Outstanding Convertible Loans
The company has the following outstanding convertible loan, which may convert to equity after this round and dilute existing shareholders:
€1,105,000 loan from 8 lenders, with the following key terms:
- Interest rate: 6%
- Conversion trigger(s): €5m raise
- Conversion price: 30% discount (provided that such discounted pre-money valuation shall never be lower than € 20,000,000)
- Share class: A Class
- Repayment date: 12 September 2022
Funds from this convertible have not been reflected in the Campaign.

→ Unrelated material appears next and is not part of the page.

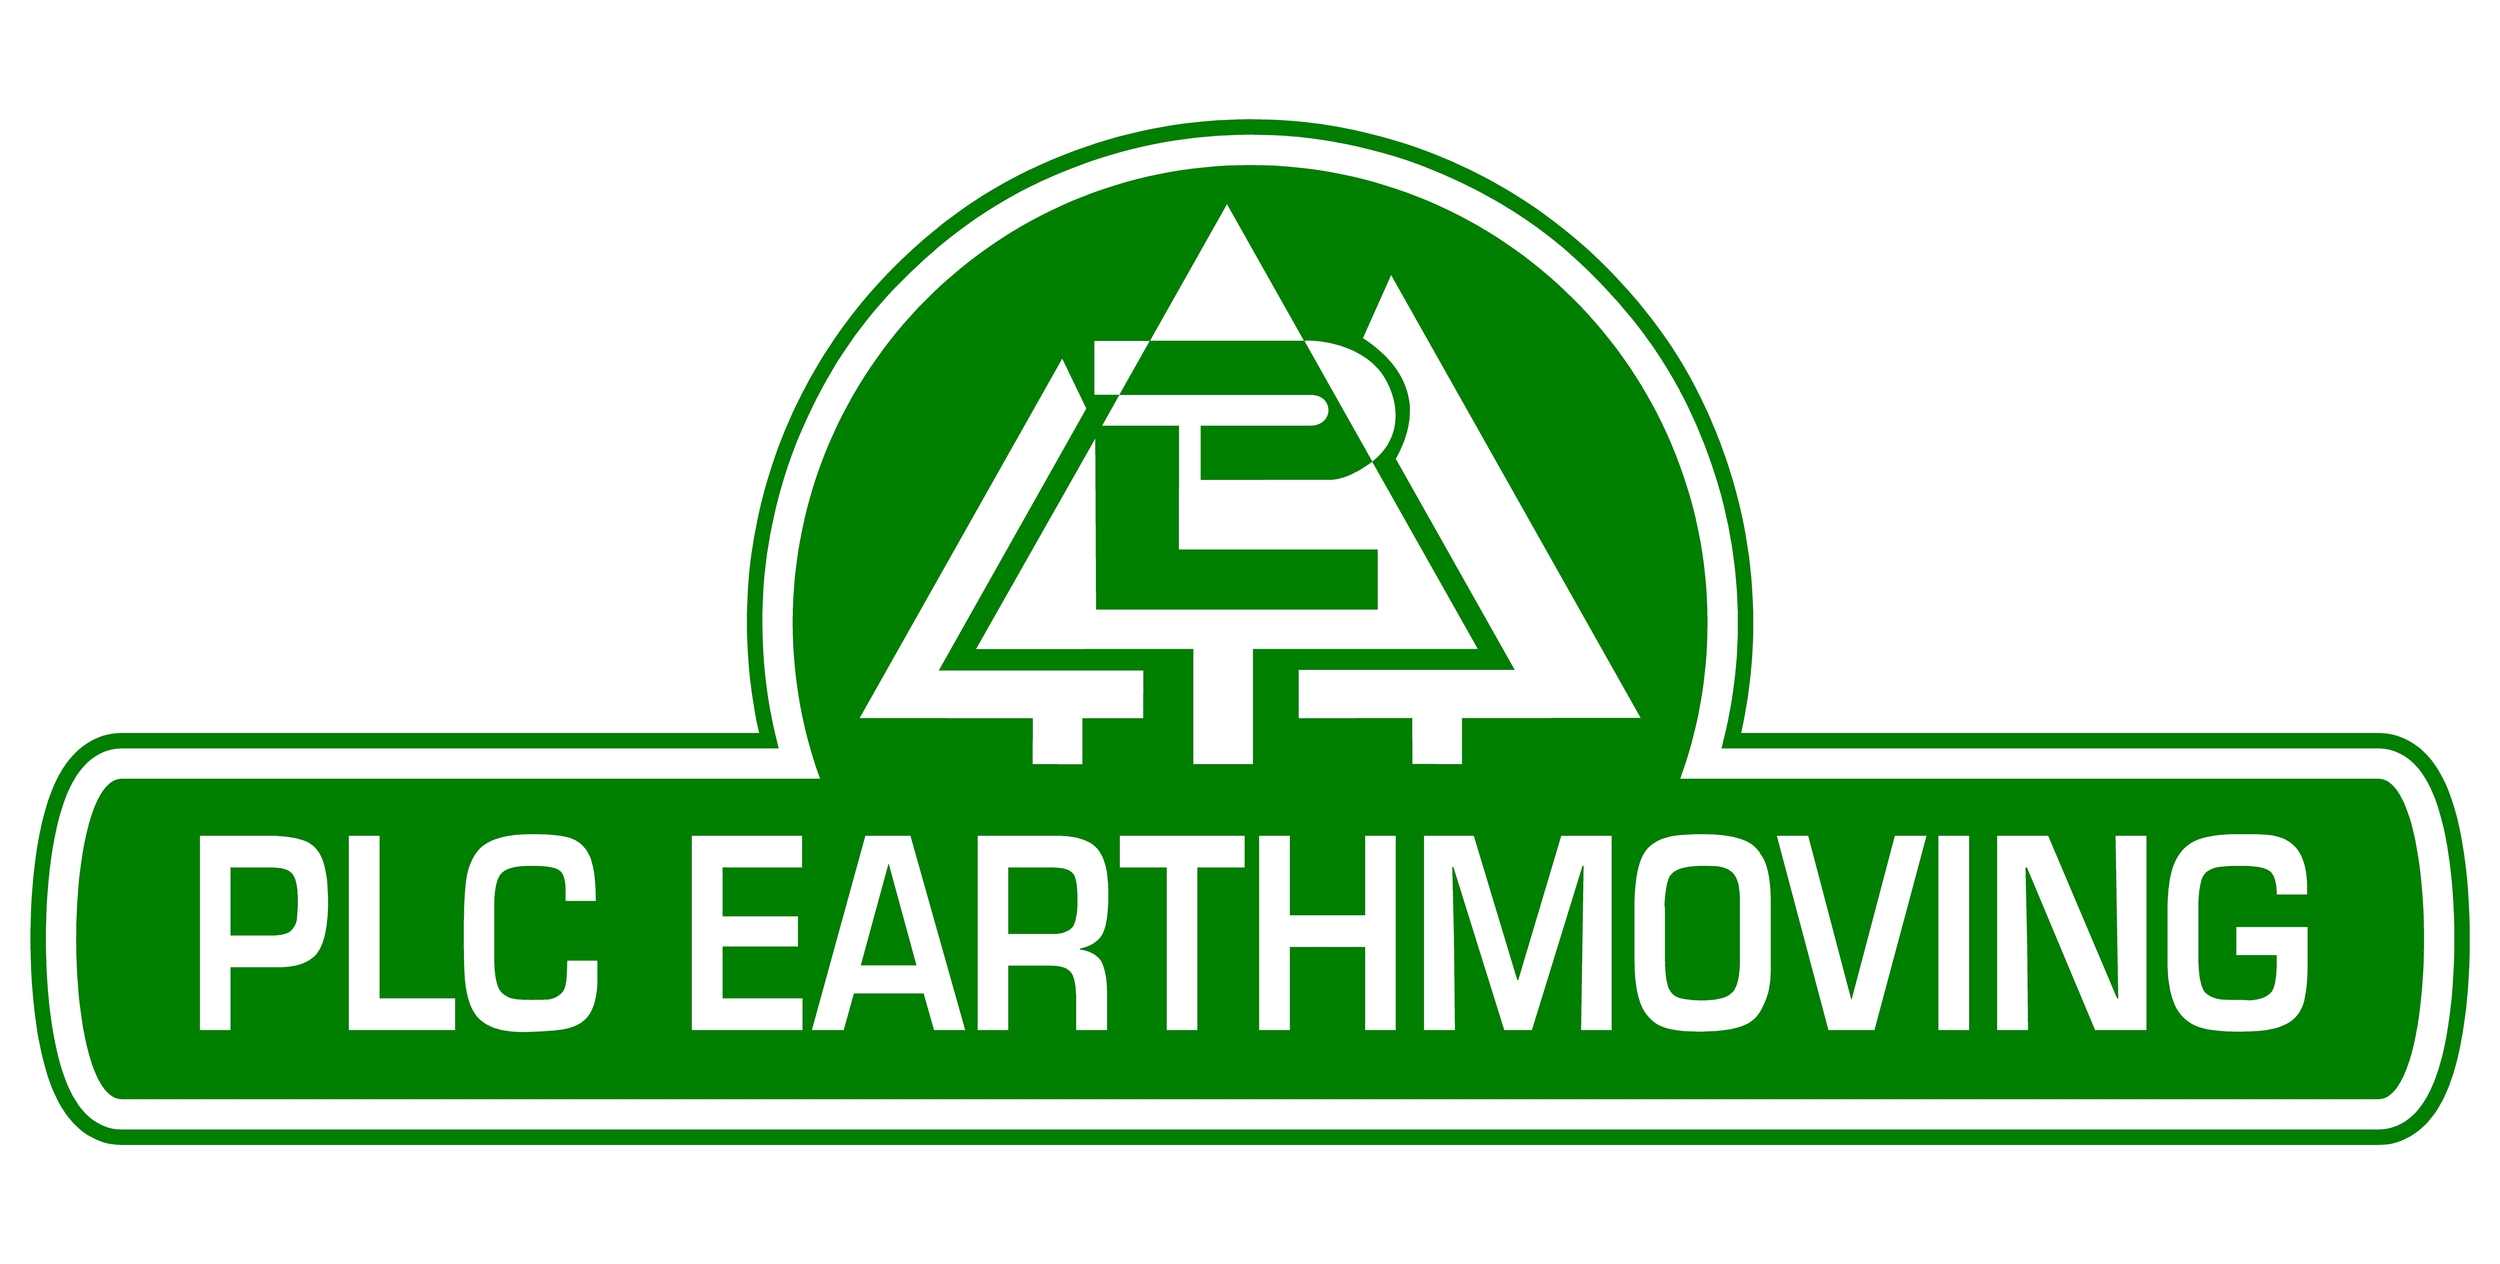 PLC Earthmoving.jpg
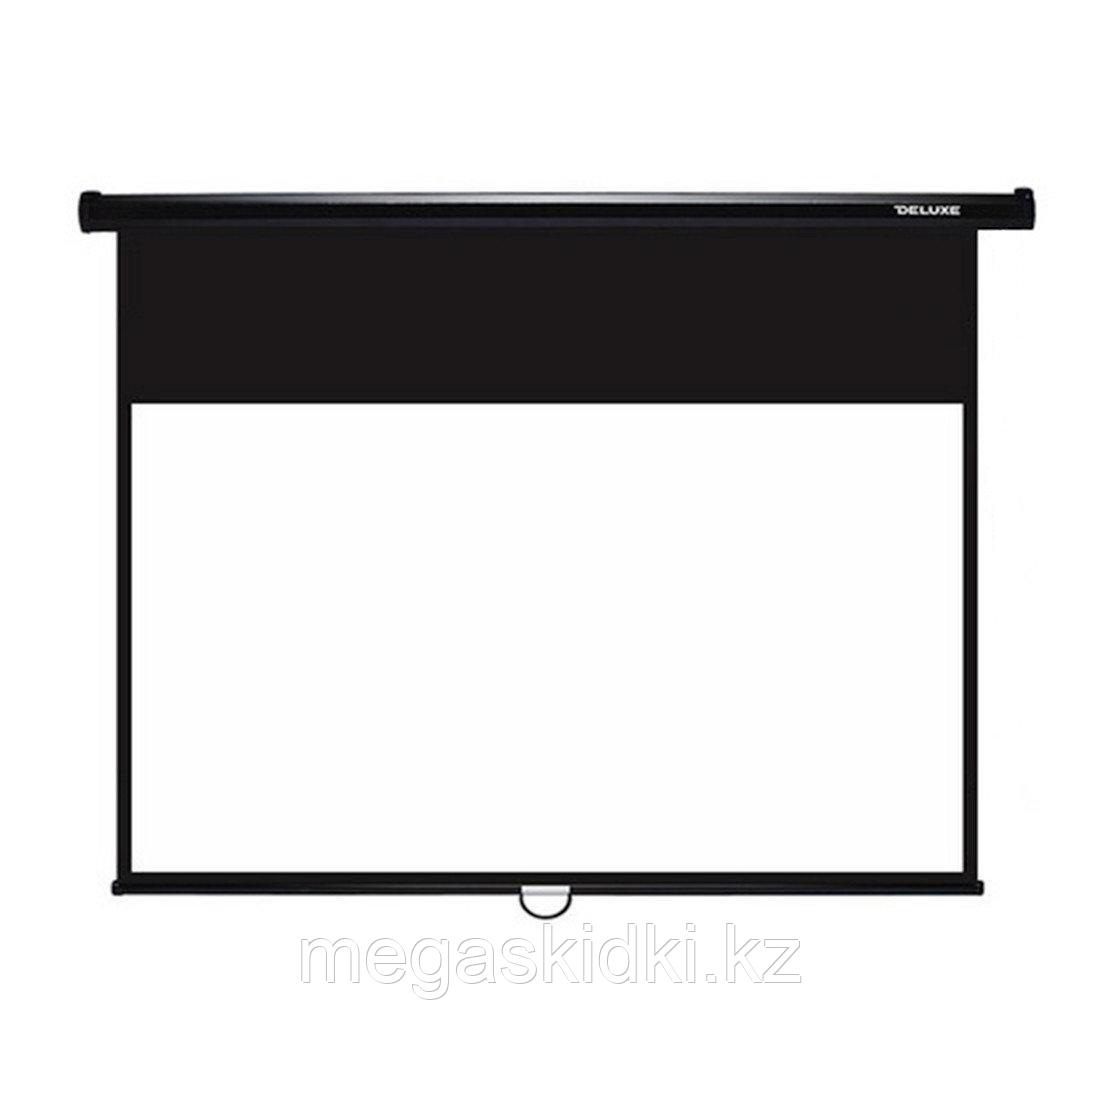 Экран для проектора Deluxe DLS-M274-210

Please note, UFODRIVE has the following outstanding loans:
1) A commercial bank loan from BGL for €300k. This is repayable after Series A fundraising, has a 5 year term, and accrues interest at 1.5%.
2) A COVID-19 relief loan from the government of €62k. No repayment is required in the first 12 months, interest is accrued at 1.5%, 5 year term, and repayment terms are defined in mid-2021.
Investor funds will not be used to repay these loans.
UFODRIVE has a parent company incorporated in Luxembourg, which is a public limited company (registration number B221549). There are 6 subsidiary companies, which are limited companies, based in the following countries; Belgium, Germany, France, Austria, Ireland, United Kingdom.
Investors in this round are investing in the Luxembourg parent company in this group structure.
Investors will not be able to sell their interest in the convertible loans on the Seedrs Secondary Market unless and until they have converted to shares in the company (and then only subject to eligibility and the terms and conditions of the Seedrs Secondary Market).
Please note, some investment received directly by the company for this round has been in Euros. This is reflected into the campaign at the ECB reference rate as of 11/12/20, which is £0.911 per €1. Any further funds received directly by the company during the duration of the campaign will use this exchange rate also. All investments made through the campaign will be made in GBP.